Town in Harju County, Estonia

Drone video of Loksa in July 2022

Loksa is a town and municipality in Harju County, Estonia, best known for its shipping industry. Loksa is the northernmost town in Estonia.

The town is on the estuary of the Valgejõgi River, which drains into Hara Bay, Gulf of Finland.

As of January 1st 2026, the town had a population of 2,459.

== Etymology ==
The village of Loksa, the town's namesake and predecessor, was first mentioned in 1631 as Lox.

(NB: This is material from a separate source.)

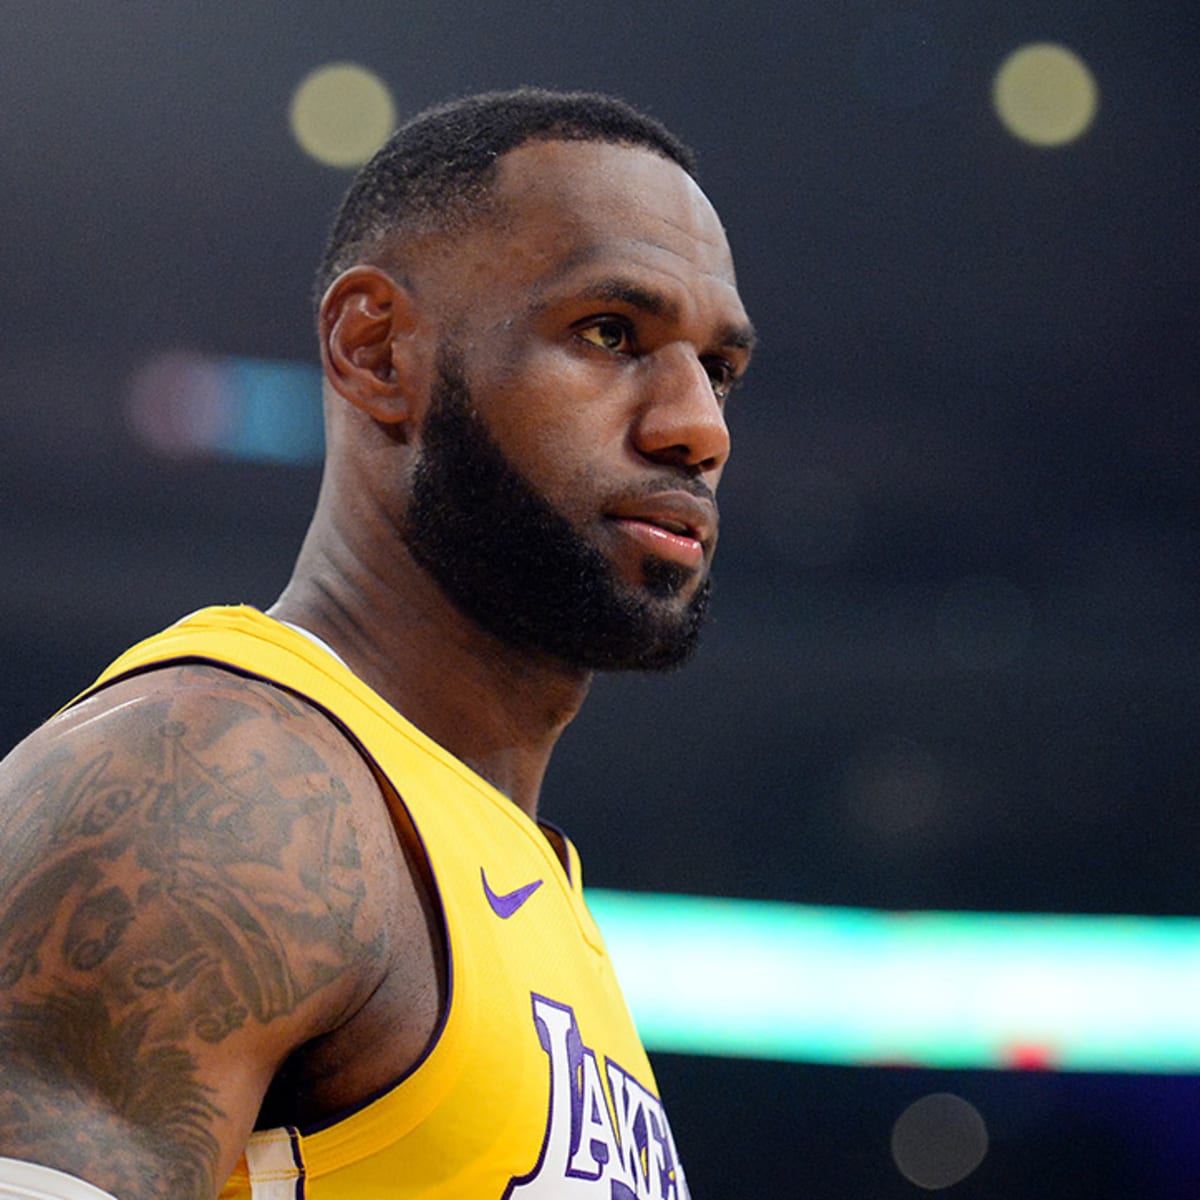 LeBron James injury update: Lakers Star will play Monday vs. Trail

Later on, the village was also referred to as Locksa and Loxa, until it became known as Loksa in 1798.

The name possibly comes from the word loks (local dialect), which means either a marsh or a lake that dries up during the dry season.

==History==
The village of Loksa was first mentioned in 1687 but this area is known in modern times as the village of Kotka.

The development of what is known these days as the town of Loksa started around 1874 when the landlords of Kolga established a new brickyard outside Loksa. Around this factory a new market town was born.

In 1903, a shipyard was established, boosting the community's further growth. From Loksa, bricks were transported to Reval (Tallinn), Helsingfors (Helsinki) and Saint Petersburg. Although no ships were built in Loksa, the shipyard was heavily engaged in repairing ships from 1905 onwards.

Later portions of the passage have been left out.